Of course, we desperately need efficient management and highly professional competence, but for what? Where are we going? What is it that really matters? Historically, there has always been a tension in a pluralist free press between commercial success and fulfilling the high and demanding calling of being the essential life blood of an informed and imaginative democracy. This is, of course, complicated by arrogant love of power by some. Democracy cannot be better than the quality of the information on which it functions.

Whether we be of the left or right, the issue of ethics applies to us all. Adam Smith was first of all a teacher of ethics. He approached his economic theory in the context of being a highly ethical and somewhat dour, I suspect, Presbyterian. He took the ethics for granted. We now want a free market, and all the rest, but not the ethnics. When the Berlin Wall fell, Lord Soper made a debate-stopping intervention. He said that it was not a question of socialism having been tried and failed but of socialism having demanded an ethic of which humankind has so far proved itself incapable. So whether we are on the left or the right, that struggle to see the ethical dimensions has pride of place and must always be there.

The issue with which we are now dealing reflects the pressures in the machine that constantly push downmarket to ensure sales, circulation and advertising. Other absolute principles have to be present all the time, such as truth, responsibility and integrity. These should be basic to, and inherent within, the culture; it is no good for them to be present simply because they have been imposed by a regulatory body. They have to be internalised in all that is going on.

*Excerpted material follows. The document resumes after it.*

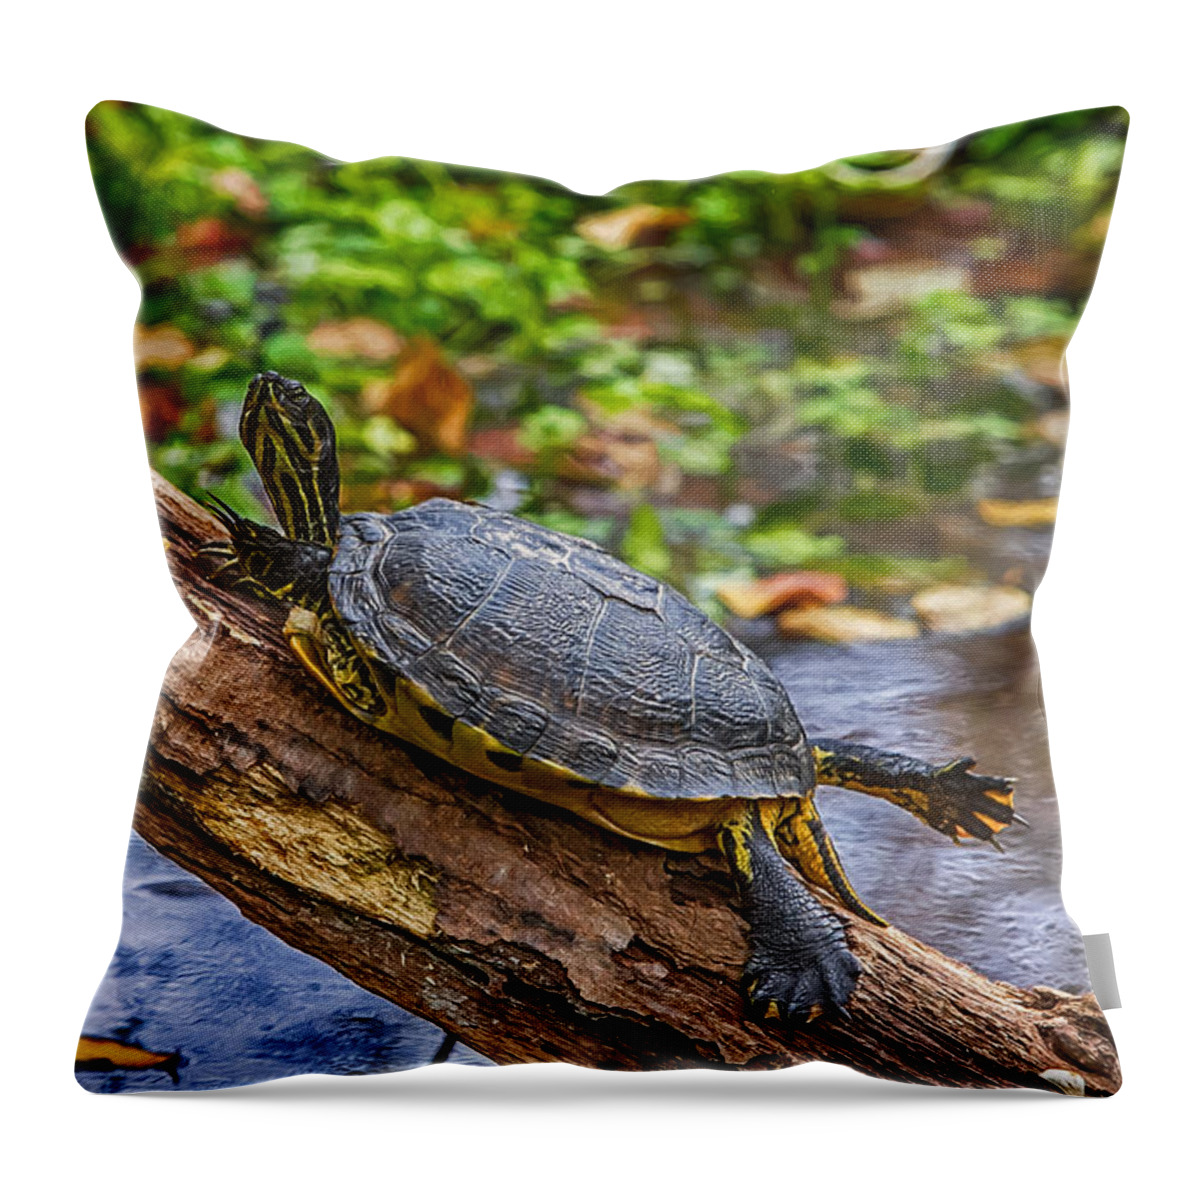 John Haldane Throw Pillow featuring the digital art Turtle Yoga by John Haldane

The media themselves have a key part to play in tackling all this. Education, not just the training of journalists, matters desperately. That is why the humanities such as history, philosophy and the creative arts are so critical in our educational system. It is sheer short-sighted foolishness to undermine their primacy in our educational system.

The repeated disturbing events which made Leveson necessary must raise questions about the prevailing or developing culture among too many journalists—though not all, by a long chalk—their sense of responsibility and how far any inadequacy is the inevitable outcome of the state of our society. To take Leveson seriously demands a fundamental look at ourselves, society as a whole and the quality of our educational system. If we are really to live up to the challenge of Leveson, we urgently need to promote a nationwide debate about the values of our society.